Adding a new VLAN
Create the bridge VLAN, add the bridge port with the tag, set the address. Then add the new bridge VLAN interface
to the LAN interface list. Forgetting this is the #1 ten-minute mystery.
Three branches, one head office, two months of cabling, and an unreasonable affection for /interface/wireguard. What it actually takes to run a small business on RouterOS — the cabling, the quirks, the firewall ruleset that finally let us sleep through a Sunday.

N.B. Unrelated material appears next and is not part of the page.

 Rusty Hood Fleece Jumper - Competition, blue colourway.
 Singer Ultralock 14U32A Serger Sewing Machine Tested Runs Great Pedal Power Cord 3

The CFO had asked, plainly, why a four-site shop with eight people in the head office needed a network refresh that started above two thousand euros. The honest answer was that it didn’t. The Cisco gear we had inherited from the 2018 fitout was still routing packets. It also took ninety seconds to reload a startup-config, ran an IOS train that hadn’t seen a security patch since the 19.x line, and required a Cisco Smart Account login that the previous IT contractor had taken with him when he left for Helsinki.
So the refresh was as much about ownership as it was about throughput. The question was which platform we’d be pleased to live with for the next five years. The shortlist, in order of how many minutes we spent on each: Ubiquiti UniFi Dream Machine SE plus three U6-LRs; Cisco Meraki MX67 across all sites; and MikroTik — an RB4011iGS+ at the head end with hAP ac3 units at the branches, and a CCR2004-1G-12S+2XS in the rack as the core router once we ran the second fibre.
Ubiquiti was eliminated on a Wednesday. We trialled a UDM Pro SE on a desk, and within two hours of attempting to define a non-trivial firewall rule with a service group — the kind we use for the SCADA jump host — we conceded that the GUI was lovely and the policy engine, on the day, was not. Meraki was eliminated by a finance line: at €614/year per site in licences, across four sites, the five-year cost was higher than our entire hardware budget plus a long weekend in Lisbon.
MikroTik won because, frankly, we already trusted it. Mihkel had been running an RB750Gr3 at his apiary for three years with a WireGuard tunnel to his phone, and he’d done the firewall by hand. The platform is unfashionable in 2026 — the cool kids buy OPNsense boxes and write their configs in Nix — but RouterOS does what it says, the docs are honest, and if you can read the wiki you can read the device. There is no per-seat licence. There is no cloud you cannot turn off.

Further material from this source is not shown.